AWS Cloud Security: IAM Access Analyzer for Access Cleanup

AWS Cloud Security: IAM Access Analyzer for Access Cleanup

AWS Cloud Security: IAM Access Analyzer for Access Cleanup

AWS Identity and Access Management (IAM) is a core service that enables you to manage access to your AWS resources. However, managing access can be challenging, especially when you have multiple users, roles, policies, and permissions across your AWS accounts and organization.  

AWS Cloud Security: IAM Access Analyzer for Access Cleanup

How do you ensure that you are granting the right level of access to the right entities, and not exposing your resources to unauthorized or unintended access? 

This is where AWS IAM Access Analyzer comes in. IAM Access Analyzer is a security feature that helps you identify and remediate any access issues in your AWS environment. It does so by analyzing the resource-based policies that you apply to your AWS resources, such as Amazon S3 buckets, IAM roles, AWS KMS keys, AWS Lambda functions, and Amazon SQS queues.  

IAM Access Analyzer can detect two types of access issues:

    • External access findings: These are findings that indicate that your resources are shared with an external entity, such as another AWS account, a root user, an IAM user or role, a federated user, an AWS service, an anonymous user, or any other principal that is outside of your zone of trust. Sharing resources with external entities can pose a security risk if you are not aware of it or if you do not intend to do so. 
    • Unused access findings: These are findings that indicate that your IAM users and rules have permissions that are not used for a specified period. Unused permissions can increase the attack surface and the potential impact of a compromised credential. Therefore, it is best practice to remove or restrict any permissions that are not needed. 

In this blog post, we will show you how to use IAM Access Analyzer to create an analyzer for unused access findings and how to review and resolve the findings to clean up your access permissions. By doing so, you can enhance the security of your cloud infrastructure and ensure compliance with your security standards. 

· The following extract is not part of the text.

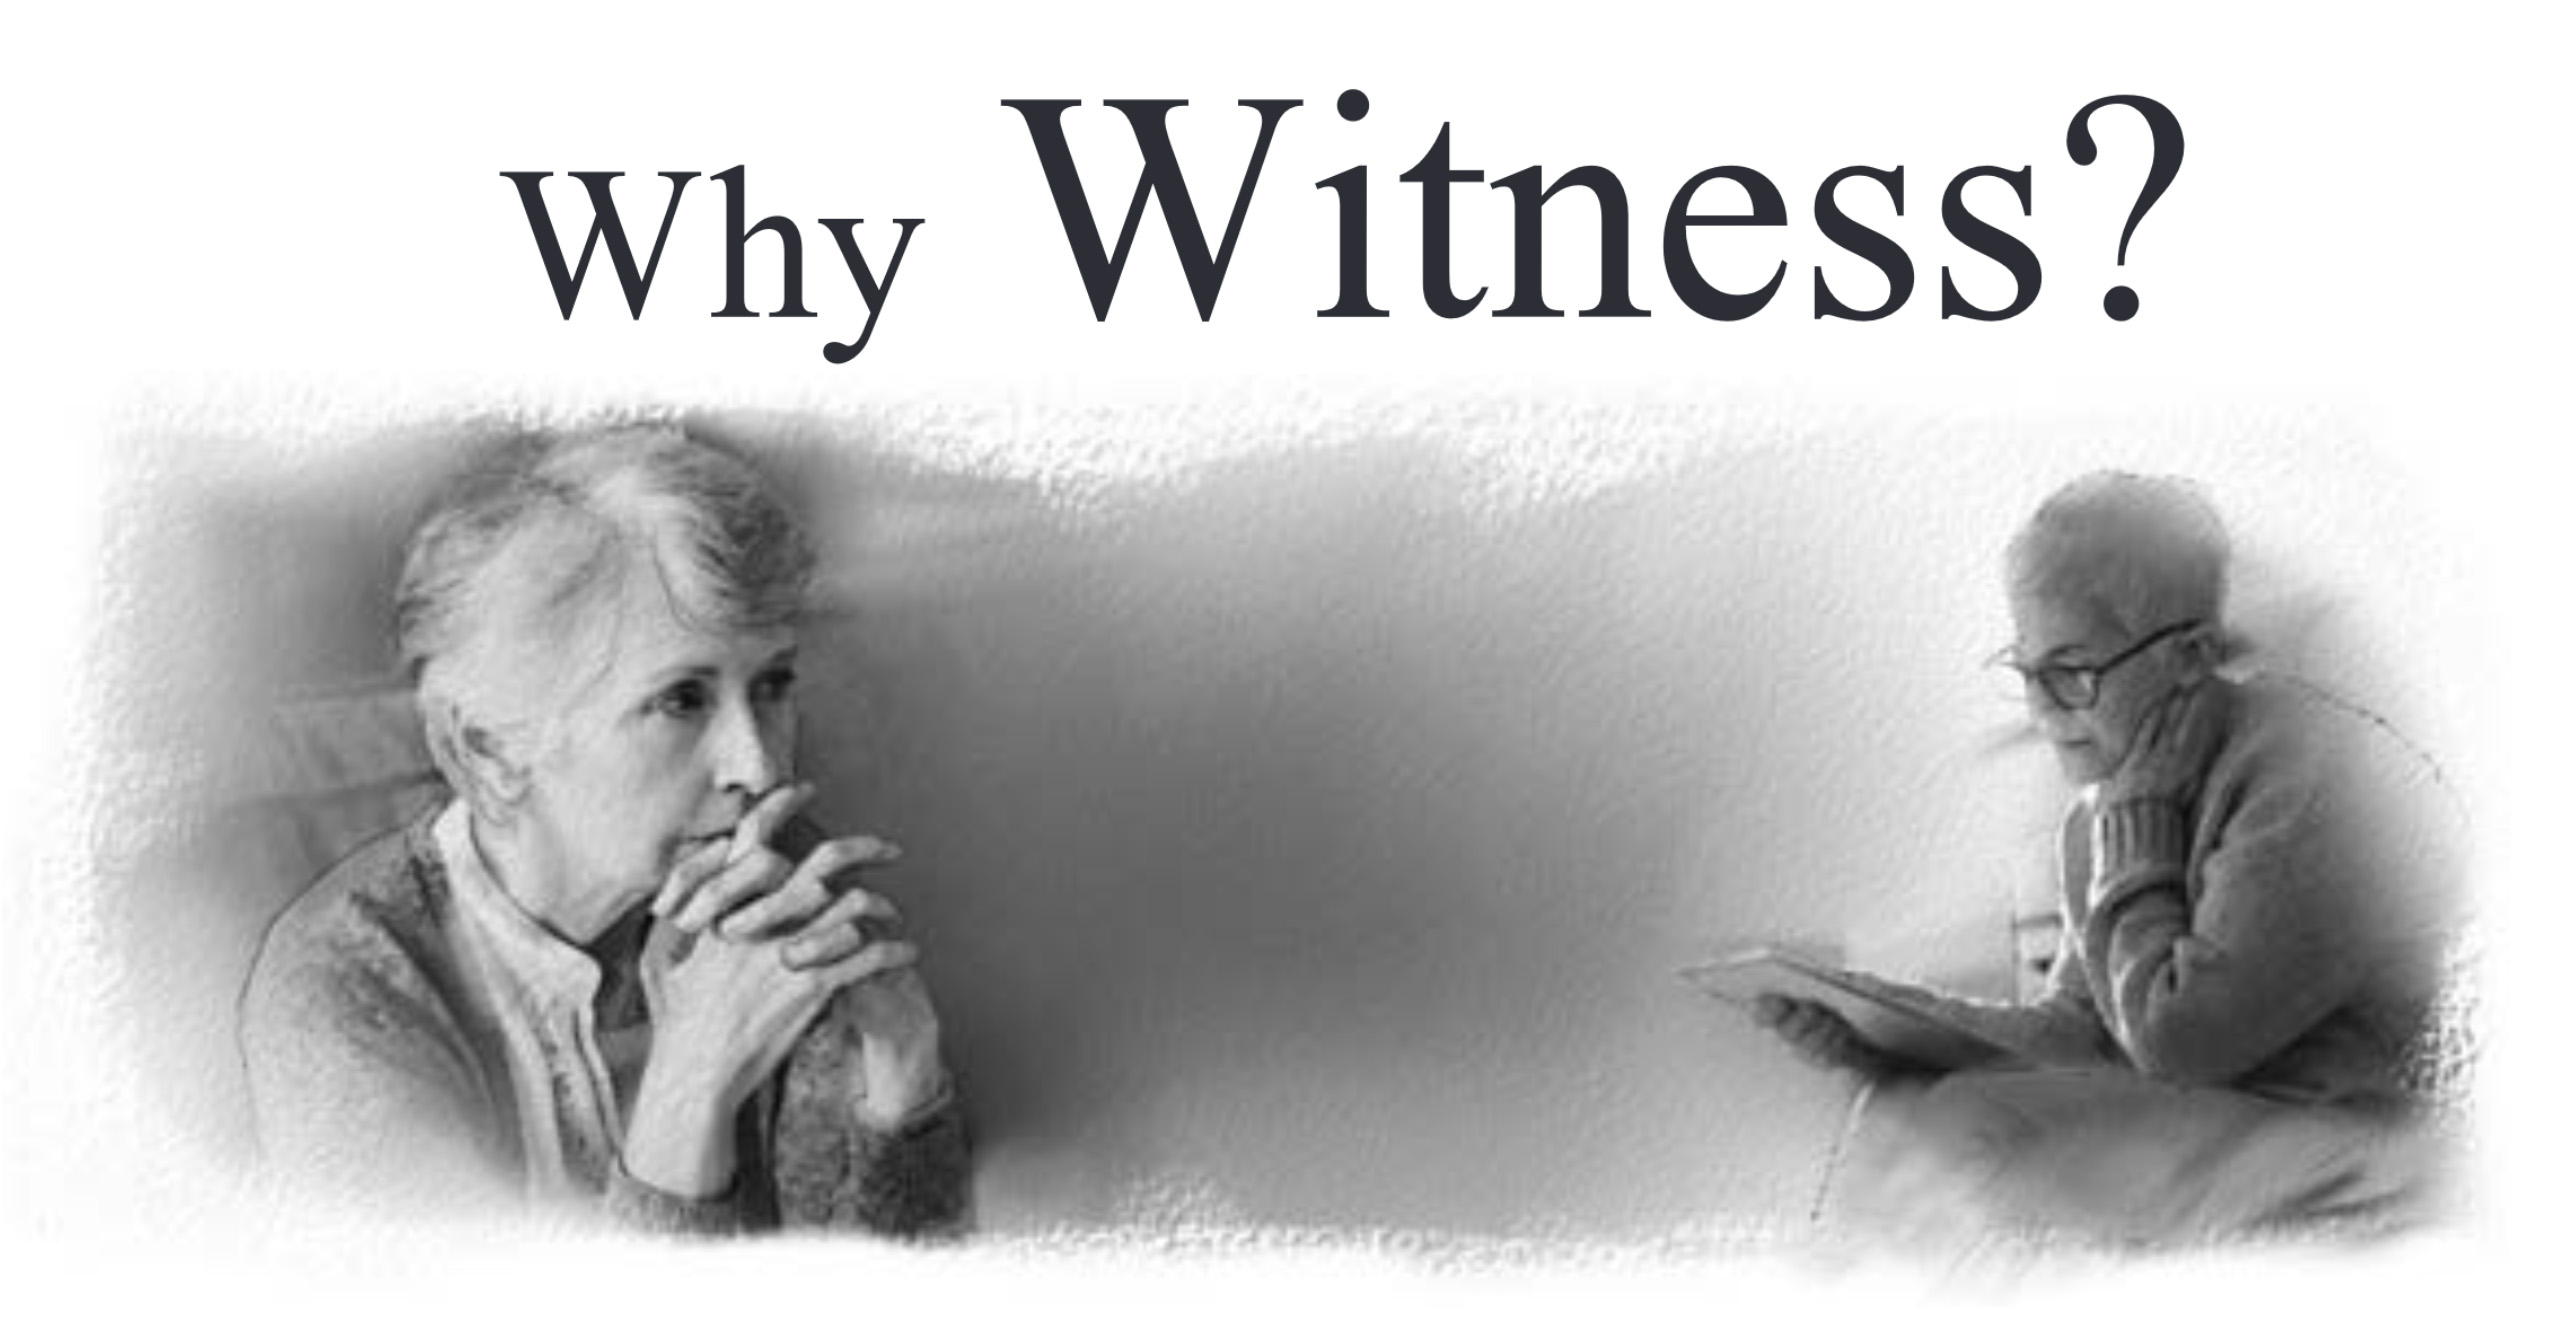 Lesson 1: Why Witness? (3rd Quarter 2020) - Sabbath School Weekly Lesson. Weekly lesson for in-depth Bible study of Word of God.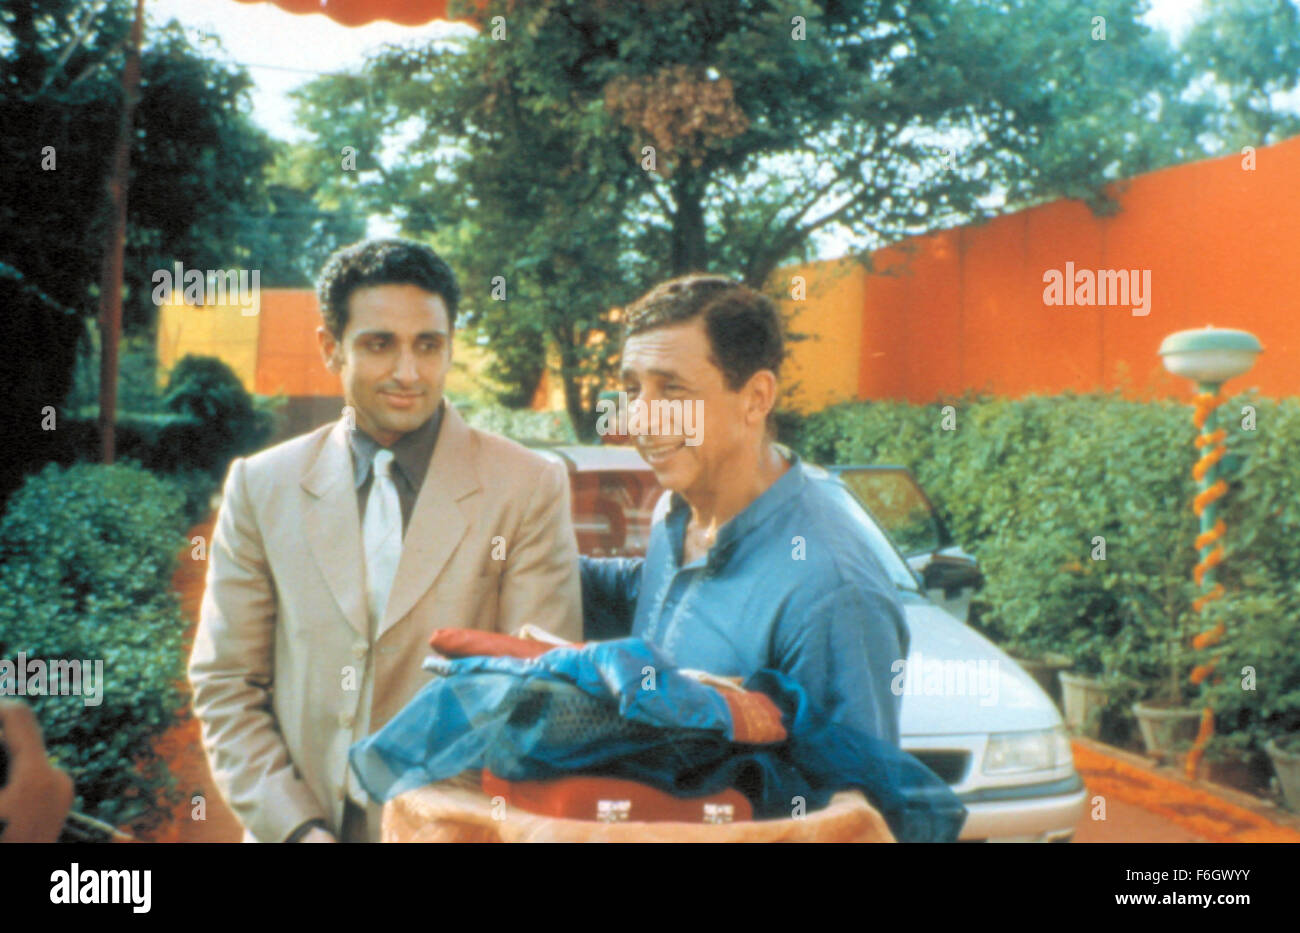 Aug 30, 2001; New Delhi, INDIA; PARVIN DABAS and NASEERUDDIN SHAH star as Hemant Rai and Lalit Verma in the romantic drama/comedy 'Monsoon Wedding' directed by Mira Nair. Stock Photo

How to create an analyzer for unused access findings

To create an analyzer for unused access findings, follow these steps: 

With Power Automate, you can:  

1. Navigate to the IAM console dashboard.
2. Select “Access reports” on the left side of the navigation panel.
3. Choose “Access Analyzer.”
4. Click “Create analyzer.
As you can see in the below image:

Create analyser

5. Enter a name for your analyzer, such as “Unused Access Analyzer”.
6. Select the type of analyzer you want to create. For this example, we will choose “Unused access findings”.

Name Analyser

7. Specify the tracking period for your analyzer. This is the period that IAM Access Analyzer will use to determine if a user or role has used a permission or not. For example, if you select a tracking period of 90 days (about 3 months), IAM Access Analyzer will highlight the users and roles that have not used a permission in the last 90 days (about 3 months). You can choose from 30, 60, or 90 days (about 3 months), or enter a custom value between 1 and 365 days (about 12 months).

Tracking Period

8. Click “Create analyzer.”

Last step

By following the above steps, you can successfully create the IAM Analyzer.  

How to review and resolve unused access findings

After you create an analyzer for unused access findings, IAM Access Analyzer will start scanning your IAM users and roles and generate findings for any unused permissions. You can view the findings on the IAM Access Analyzer dashboard, or on the IAM console under “Users” or “Roles”. 

1.  On the IAM Access Analyzer dashboard, click on the “Unused access findings” tab.

2. You will see a list of findings for each user and role that has unused permissions. You can filter the findings by resource type, resource name, last accessed date, or finding status.

3. Click on a finding to see the details, such as the resource name, the policy name, the policy statement, the permission, and the last accessed date.

4. To resolve a finding, you have two options: 

    • Remove the permission: This option will remove the permission from the policy statement and update the policy accordingly. This is the recommended option if you are sure the user or role does not need permission. 
    • Restrict the permission: This option will add a condition to the policy statement that restricts the permission to a specific resource, action, or principal. This is the preferred option if you want to keep the permission but limit its scope. 

5. After you choose an option, IAM Access Analyzer will show you the proposed policy change and ask you to confirm. Review the policy change and click “Apply changes”.

6. IAM Access Analyzer will apply the policy change and mark the finding as “Resolved”. You can also mark a finding as “Resolved” manually if you have made the policy change outside of IAM Access Analyzer.

The following image shows the steps to review and resolve unused access findings. 

IAM Access Analyser summary

Conclusion

IAM Access Analyzer is a powerful tool that helps you improve the security and compliance of your AWS environment by identifying and resolving any access issues. By using IAM Access Analyzer to create an analyzer for unused access findings, you can easily find and clean up any permissions that are not used by your IAM users and roles. This way, you can reduce the attack surface and the potential impact of a compromised credential and follow the principle of least privilege.